I pack my backpack with cameras and binoculars, pick up my water bottle and head off for breakfast. We have again been told to eat breakfast at 08.00 and be ready to leave at a moment’s notice. I am just eating my eggs when Mwiga appears smiling. Some chimps have been found and if we take the boat to a nearby bay it will only be a short walk to find the chimpanzees. We gulp down our breakfast and make last minute toilet runs. Mwiga is impatient. He says “You do not understand. These are chimpanzees not gorillas. They move fast – you must hurry.”

The chimpanzees are in here somewhere!
Ready to go!
Some of us look nervous!

We climb aboard the boat and head for the next bay. We quickly disembark and then walk pretty swiftly behind Mwiga. This is much easier than yesterday The terrain is fairly flat and we are on a broad track. We still need to watch out for ants and holes dug by bush pigs but otherwise the going is easy. Then after seemingly no time at all, Mwiga says “Look ahead. They they are.” We catch our first glimpse of the chimpanzees sitting ahead of us on the path.

To prevent us transmitting any diseases to the chimpanzees we are required to wear surgical masks when we get close. We also must keep a 10 meter distance from them. In practice this does not work as the chimps know nothing of this rule and very frequently approach us. We put on our masks and I pull my camera out of my rucksack.



I start trying to take photographs but immediately have a great deal of trouble. Everything is out of focus. The light is poor and the shutter speed is slow. This is hopeless. I switch my camera to video mode as that is always reliable in low light. Unfortunately, that is just recording blackness too. What the heck is wrong? I look at my camera lens. It is covered in condensation as humidity must be close on to 100%.

Could have been a good shot if the lens was not misted up!

I grab a clean tissue and clean the lens. That seems better but I am still taking blurred shots. I pull out my little Olympus Tough and try using that. It’s OK but not a good enough zoom. In the meantime Mwiga has taken my camera to see if he has more success. He does not but as he hands it back to me I notice that the ND filter is on. I was using this to capture blurred rain shots yesterday and have not turned it off. That is probably the issue and it proves to be the case. However, these are incredibly challenging conditions and taking any quality shots is nigh on impossible but we all persevere. At the moment it looks like people are having more success with their iPhones. Shame I left mine in my room!

In our first encounter we meet Primus the alpha male. He makes his presence known to us by showing off. This includes screaming incredibly loudly and grabbing vines and shaking them violently.

Primus – The Alpha Male

He then sits on the path and is joined by two other chimps and they groom each other. Orion the No.2 is also here. Orion is not popular as he is selfish and is pushy with the females.He briefly sits with the group and then moves to the side of the track and sits on his own. Everyone ignores him and he is unlikely to ever become the alpha male as he lacks support from the other chimps. We end up watching a morning grooming session and then Nkombo (female) wants to play. Primus is not interested and she uses her best ploys to entice him. This includes playing with Primus’ tackle but he is not in the least interested. Very amusing to watch though!

Nkombo
Nkombo & Primus

Just as I am getting into the swing of taking photos on slow shutter speed the chimps decide to move from the path into the forest where it is much darker. They move slowly so we are able to follow them. More chimpanzees appear. Each chimpanzee has his own personality and we see a range of different behaviour.There is a combination of calm sitting, posing, and submissive screaming from a female carrying a baby. She rushes past us and disappears into the undergrowth to gain safety from we humans.

Calm grooming
Taking it easy

We follow the chimps deeper into the forest.
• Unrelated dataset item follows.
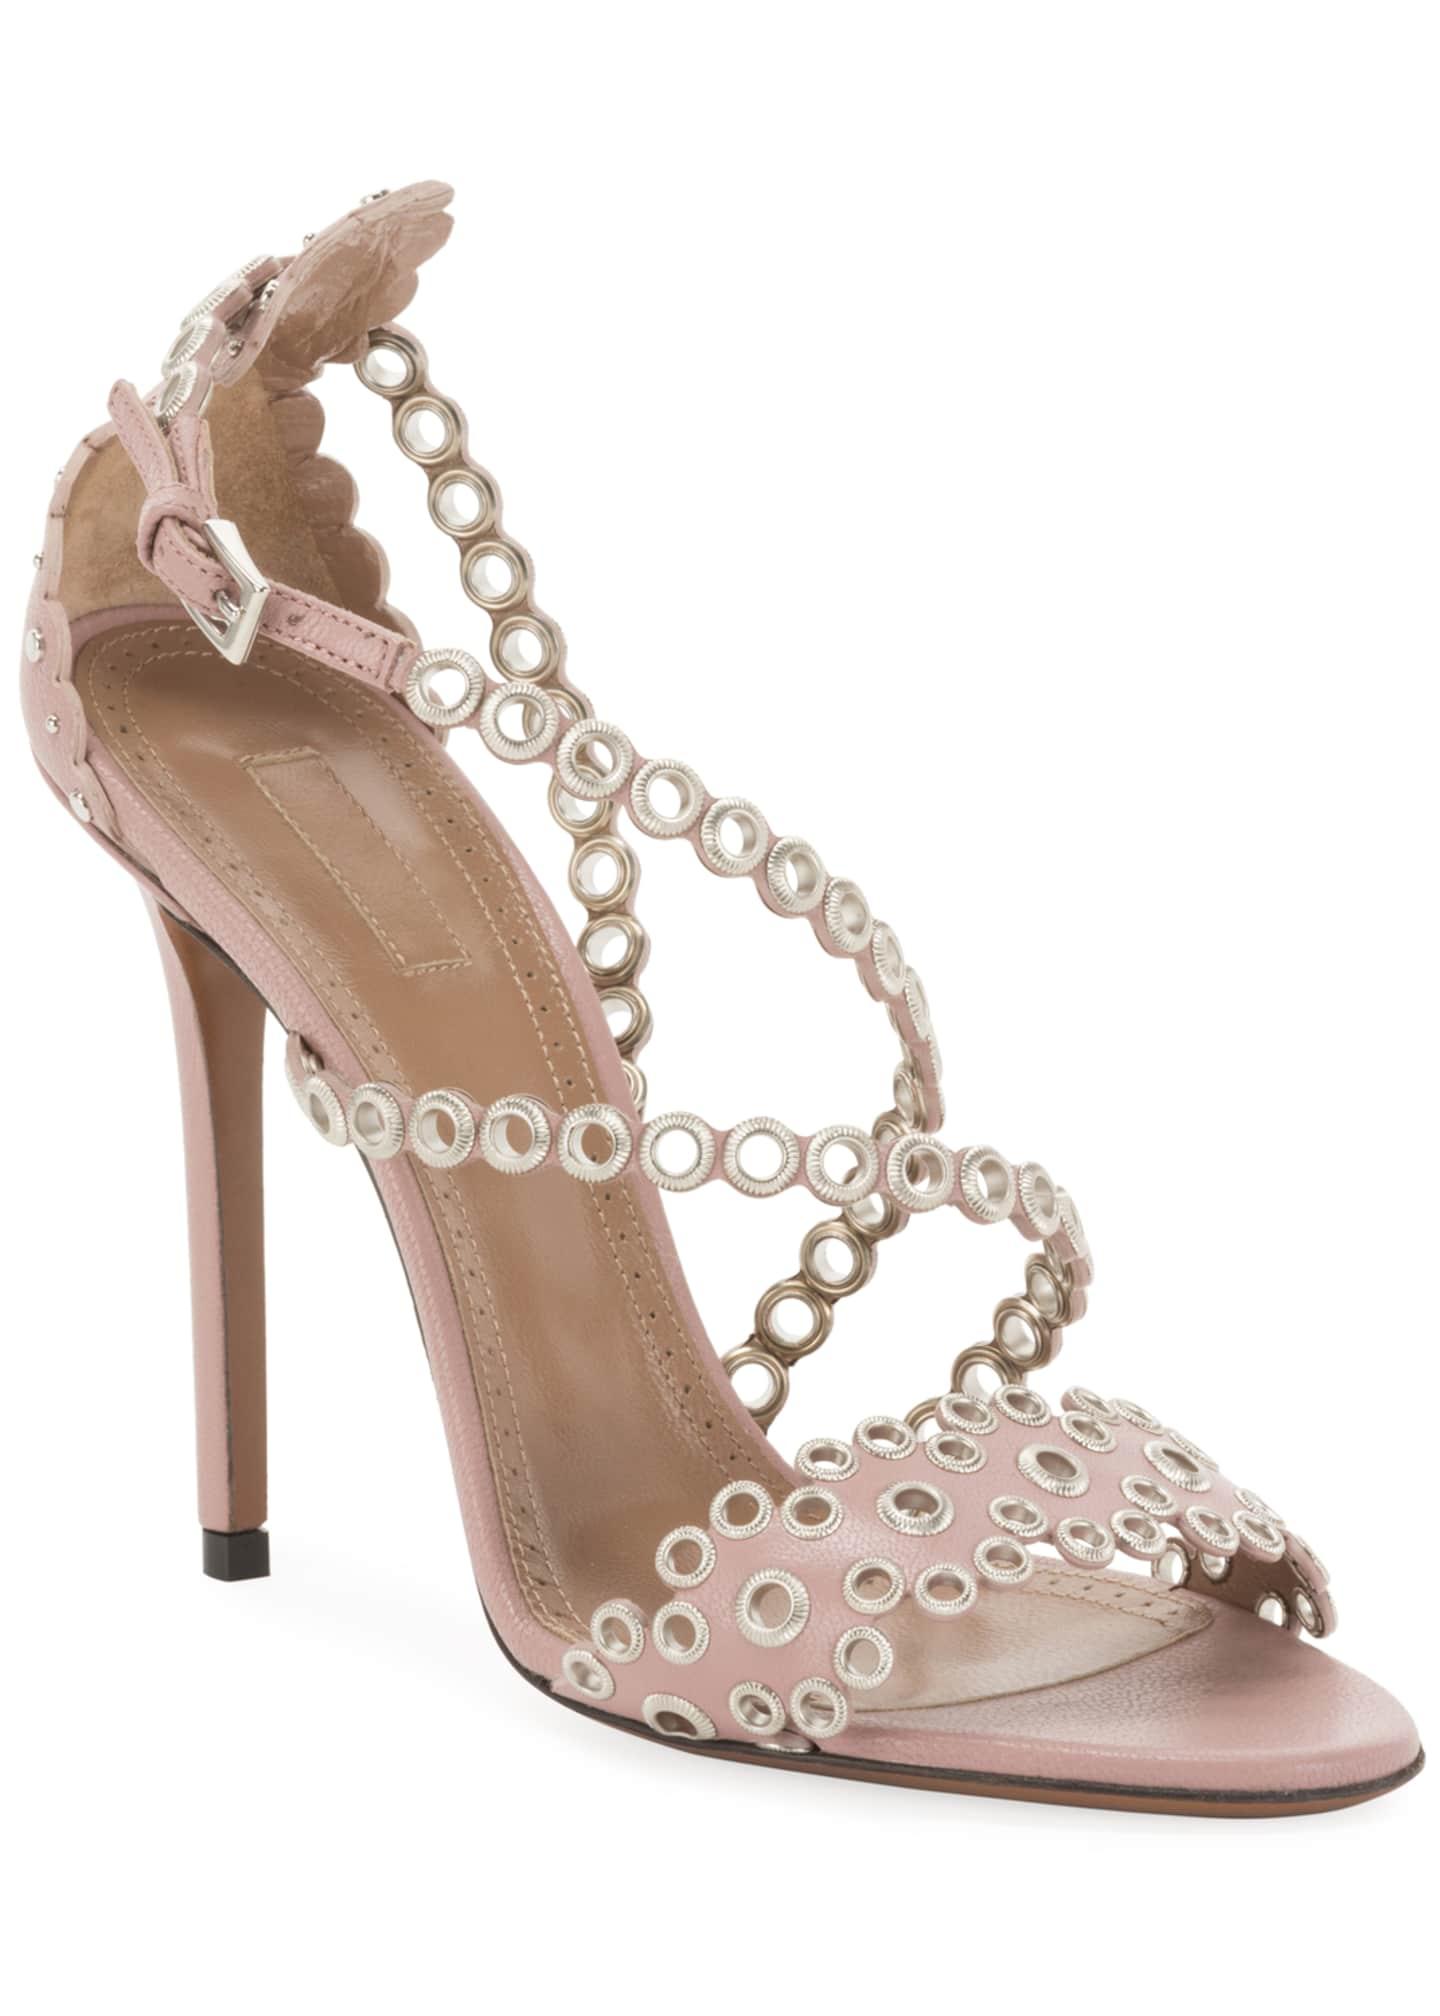 ALAIA Grommet Crisscross 110mm Leather Sandals
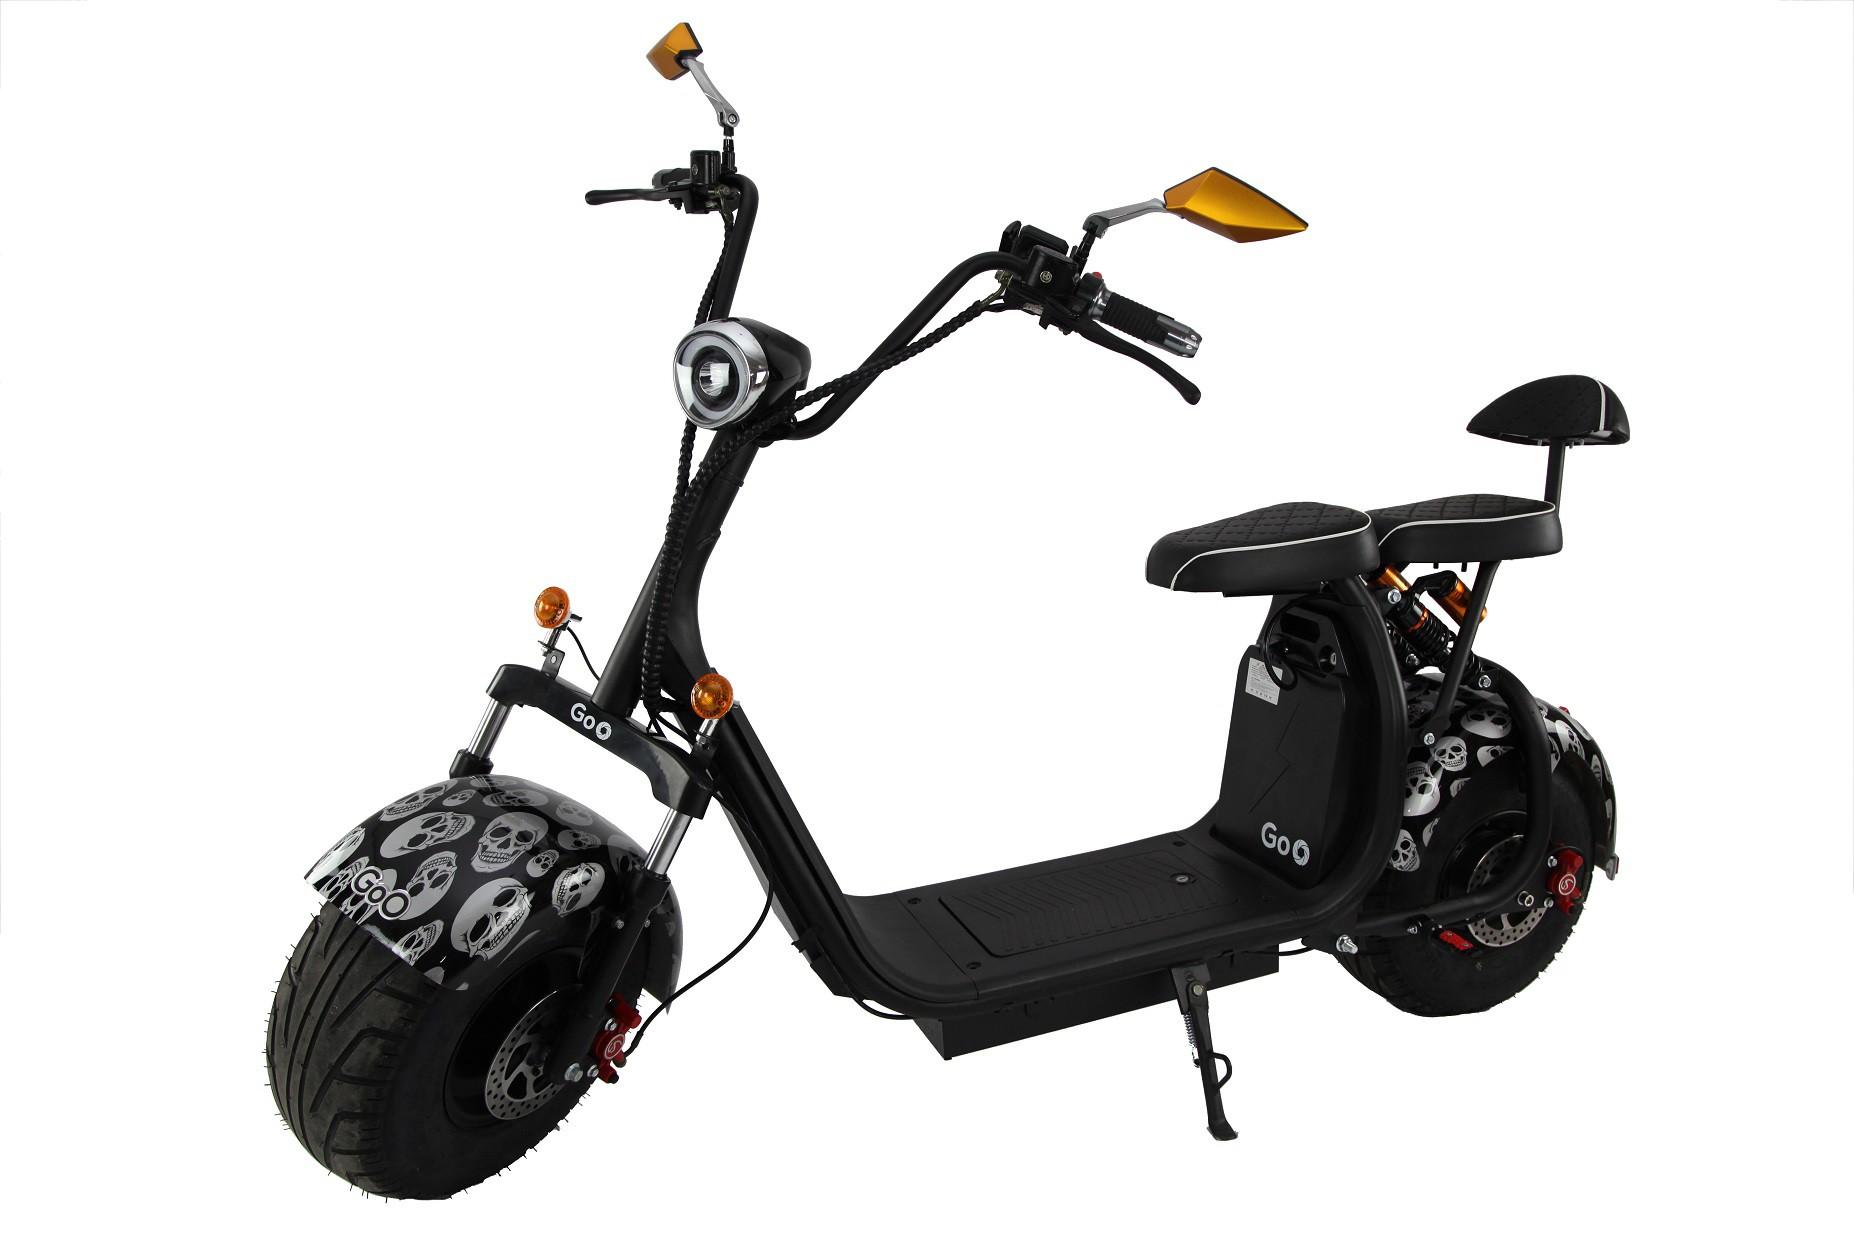 Jogo de Para-lamas caveira com seta scooter elétrica citycoco

More appear and several walk towards me. I cannot believe how close they are. I continue filming and the first chimp walks straight up to me and stops by my feet. He is inches away. Unbelievable! I catch my breath, he moves on and another follows and does exactly the same thing. I never ever thought I would get so close.

Just inches away!

There is one particular chimp called Michio who is a bit of a character. He took pleasure in posing on a tree branch and presented numerous amusing and interesting poses. We watched him closely, and at one stage, I obviously held eye contact for slightly too long. He jutted his head forward and looked at me as if to say “What are you staring at?” I looked away and he adopted a new pose with his back to me. Eventually he climbed down and proceeded to walk away. We were all fairly close and standing in a line. He strolled past us and as he came to Cristin, who was standing at the end he sidled up to her and gave her a quick slap on the wrist. She said that she also had been staring at him and reckons this was a chastisement from him. We share 98.7% of our DNA with chimpanzees and this was such a human-like action. I am delighted to say that I managed to capture the whole incident on video. This includes our laughter and surprised comments.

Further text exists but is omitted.